At the same time, law enforcement agencies have continued pursuing criminal cases against opposition figures and supporters. Former President Robert Kocharyan’s Hayastan alliance accused the authorities of attempting to obstruct its campaign after several members and supporters were arrested on vote-buying allegations following a search at the alliance’s office in Spitak. The Anti-Corruption Committee said the local office head had donated money to a resident and, with others, threatened another voter. Hayastan rejected the accusations as politically motivated and said the arrests were intended to create an “atmosphere of fear” before the vote.

The arrests marked the first election-related criminal case against Kocharyan’s bloc, but they followed a broader pattern already seen against Samvel Karapetyan’s Strong Armenia alliance. At least 11 election-related criminal cases have been opened against Strong Armenia, with several dozen members or supporters detained in recent weeks on vote-buying charges the bloc denies.

Opposition groups have pointed to what they describe as a double standard. While law enforcement has pursued cases against opposition-linked individuals, no Civil Contract members or supporters have been prosecuted over allegations that the ruling party is using public money, public-sector pressure, or election-related benevolence to influence voters. Civic groups had also criticized the case of Talin Mayor Tavros Sapeyan, a pro-government official who provided material aid to impoverished residents, though the Anti-Corruption Committee declined to indict him.

The political atmosphere has also been marked by increasingly aggressive rhetoric from Pashinyan himself. Campaigning in Armavir, the prime minister branded Russian-Armenian billionaire Samvel Karapetyan a “foreign spy” and attacked claims that his government would allow the return of Azerbaijanis who lived in Soviet Armenia until the late 1980s. Karapetyan’s nephew Narek Karapetyan responded by accusing Pashinyan’s team of serving Turkish interests.
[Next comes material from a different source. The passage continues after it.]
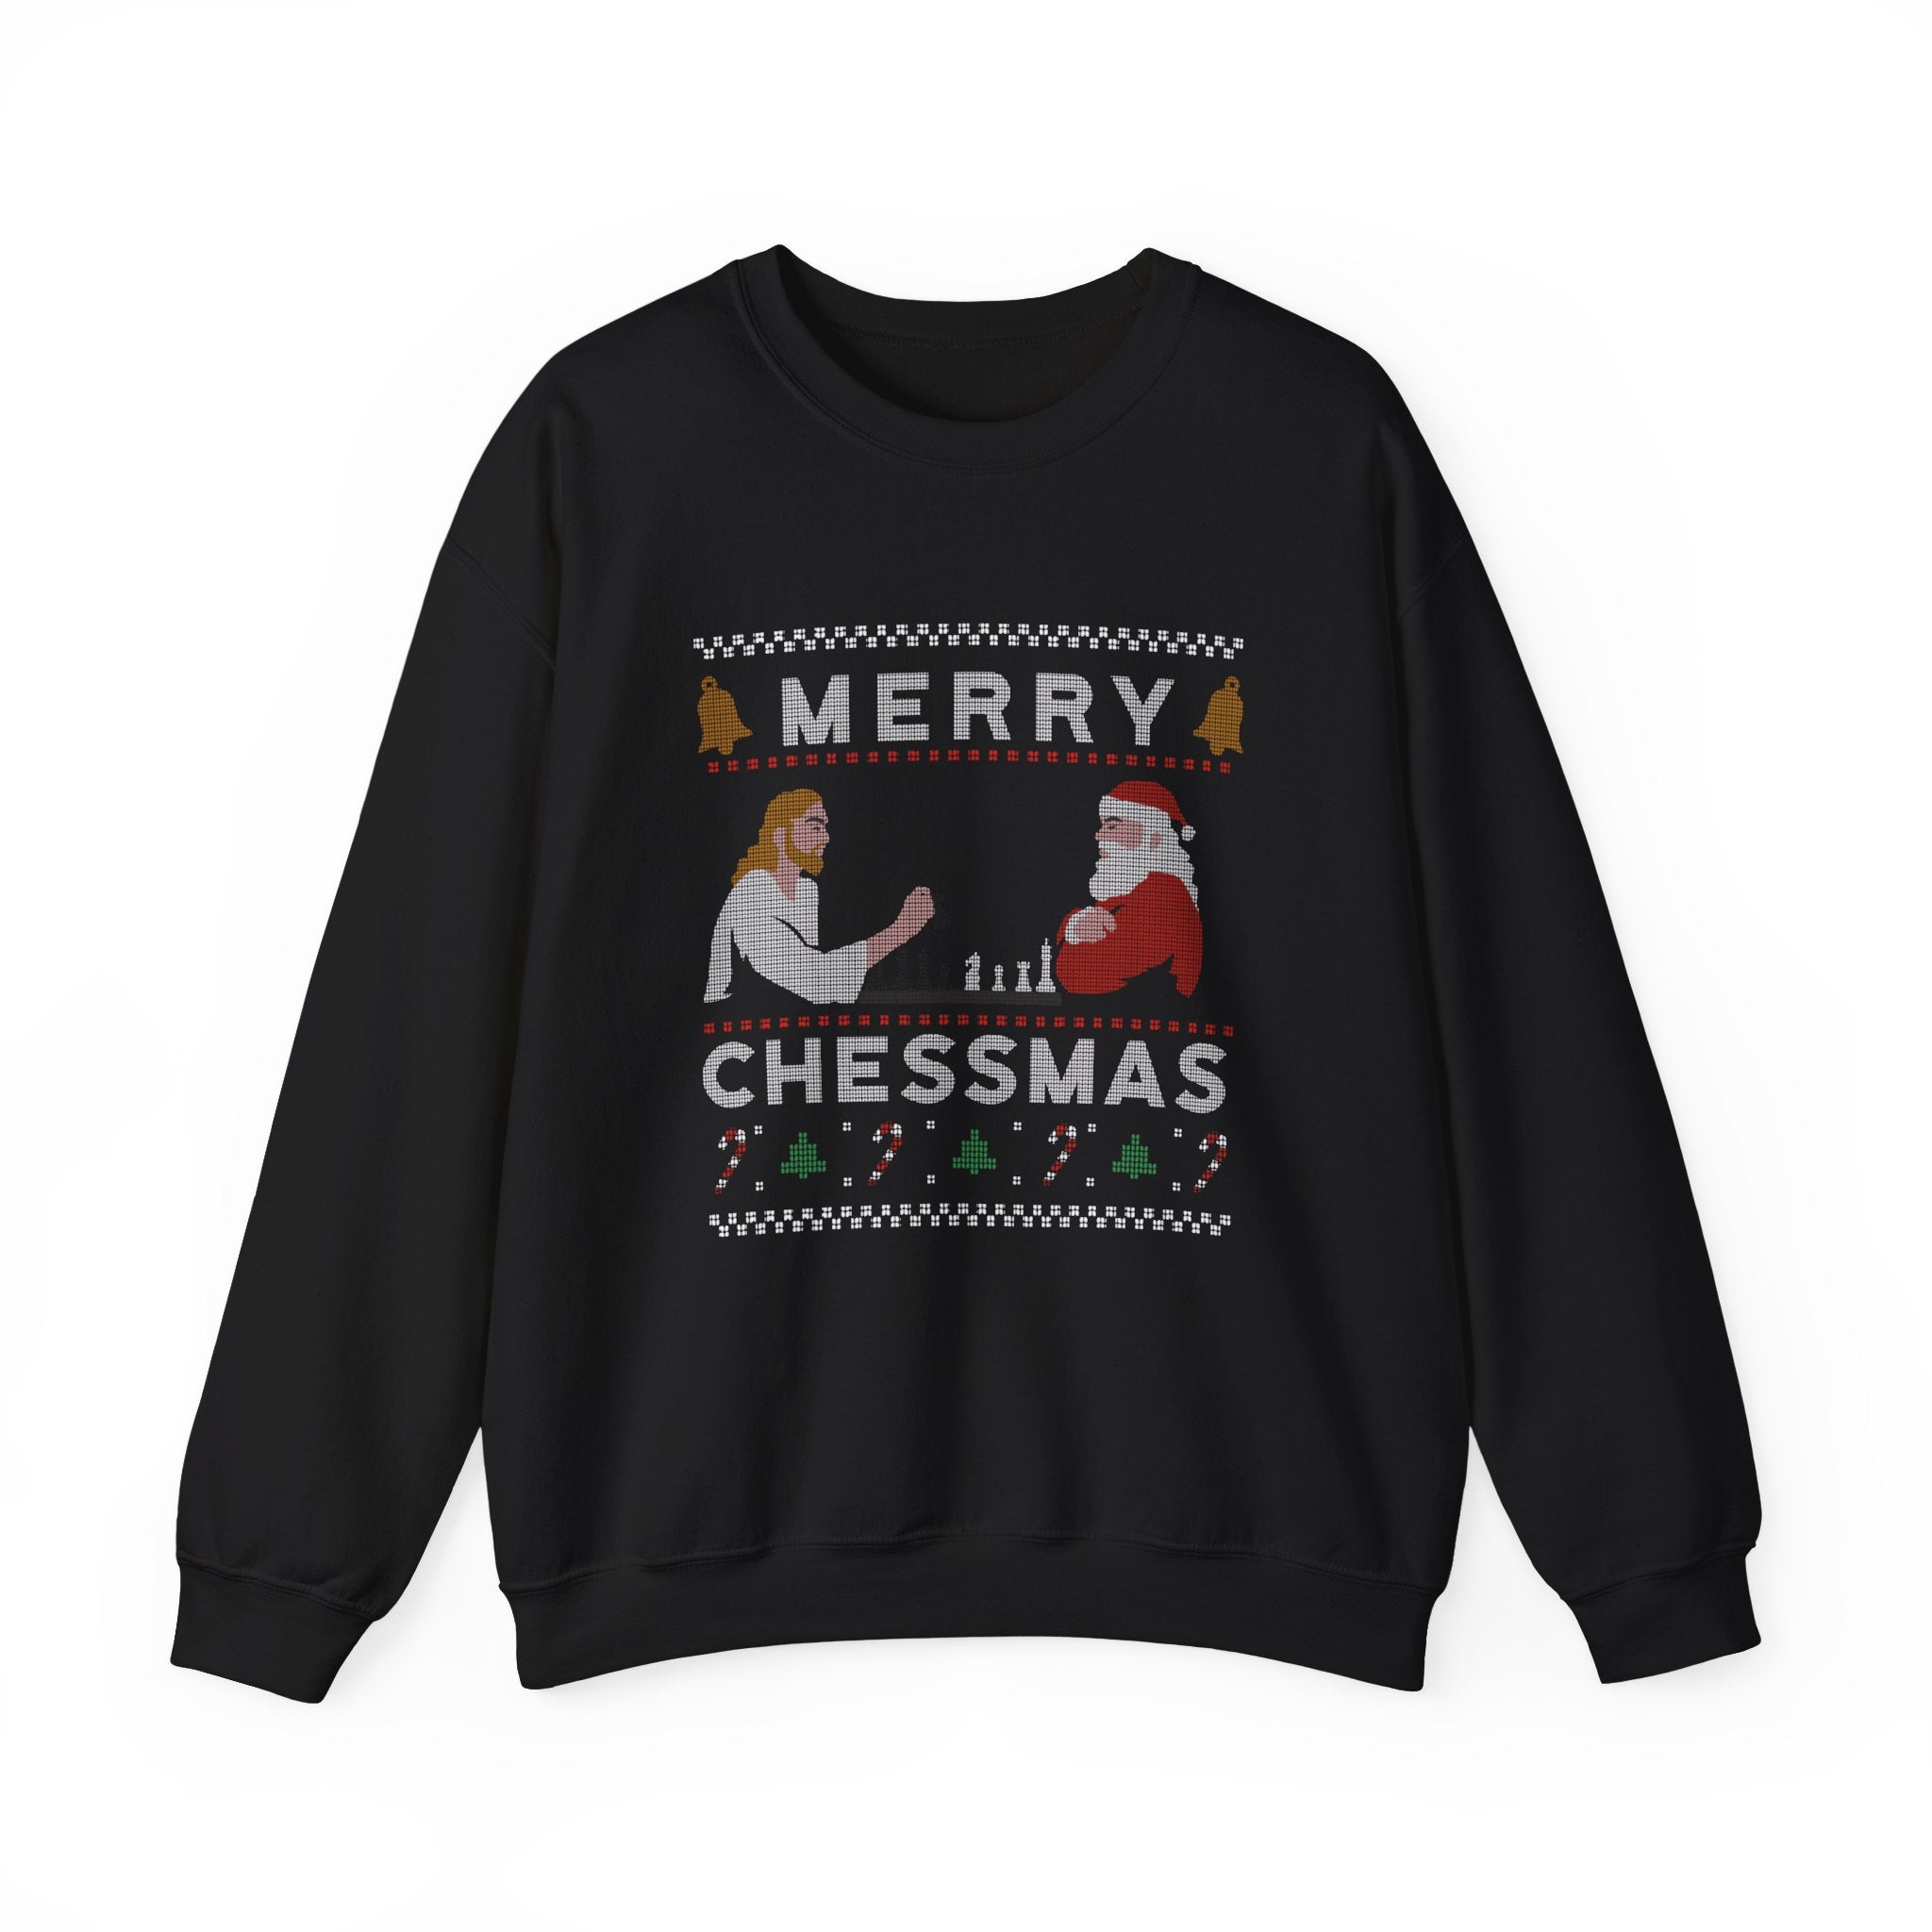 Merry Chessmas -  Sweatshirt
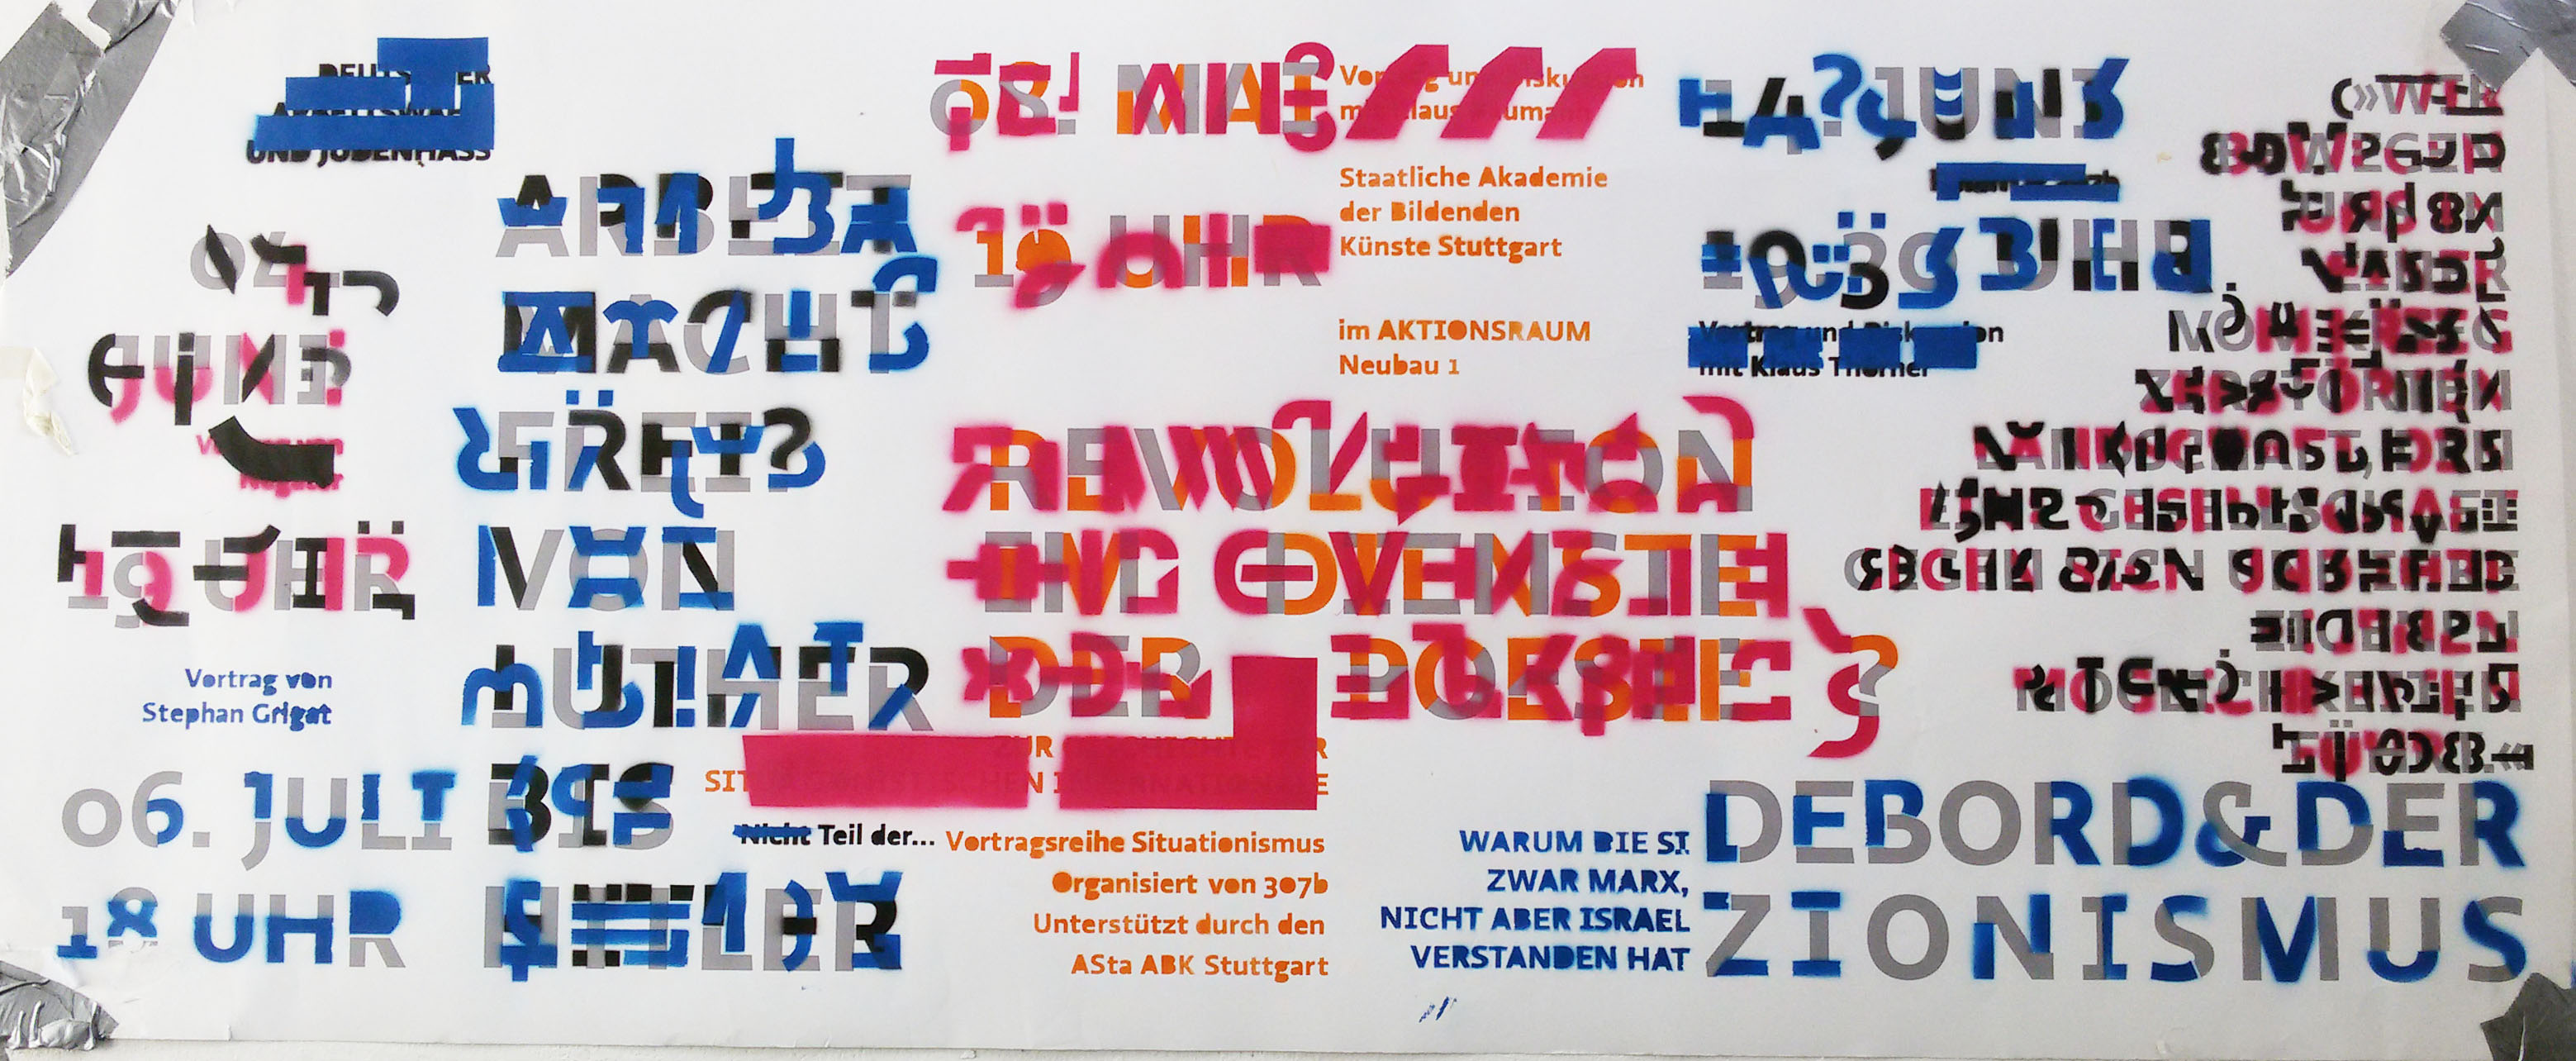 Abb.: Plakat (Gestaltung: Nikolas Wiest, Christina Mäckelburg)

Pashinyan has also escalated his attacks on Kocharyan, declaring that the former president must “serve time” over the 2008 post-election unrest in Yerevan. Kocharyan responded by calling him a “moron,” and Pashinyan answered in kind. The exchange reflects the increasingly personal and hostile tone of the campaign, as the ruling party faces serious challenges from blocs led by Kocharyan, Karapetyan, and businessman Gagik Tsarukyan.

In another case raising concerns about selective enforcement, Yerevan resident Artak Avetisyan was arrested and charged after using offensive language against Pashinyan during a live Facebook broadcast. The Investigative Committee charged him with disseminating hate speech and sought his pretrial detention. His lawyer, Ruben Melikyan, called the case politically motivated and said the authorities are cracking down on vocal critics ahead of the elections.

Other citizens have also faced criminal proceedings over offensive or disparaging comments about Pashinyan, while government supporters have not faced the same level of scrutiny for insulting or threatening opposition figures. One cited example involved a government loyalist who publicly called for the murder of Catholicos Garegin II but was not charged or even interrogated.

Taken together, the developments paint a troubling picture of Armenia’s pre-election climate: schoolchildren and students allegedly mobilized for ruling party events, opposition campaign offices searched, opposition supporters arrested, citizens prosecuted for insulting the prime minister, and the head of government himself using increasingly inflammatory language against his main challengers.

With less than a month remaining before the June 7 parliamentary elections, the central question is no longer simply which political force will win the vote. It is whether the election will be conducted in an atmosphere where citizens, public employees, students, opposition activists, and critics of the government can participate freely, without pressure, intimidation, or selective prosecution.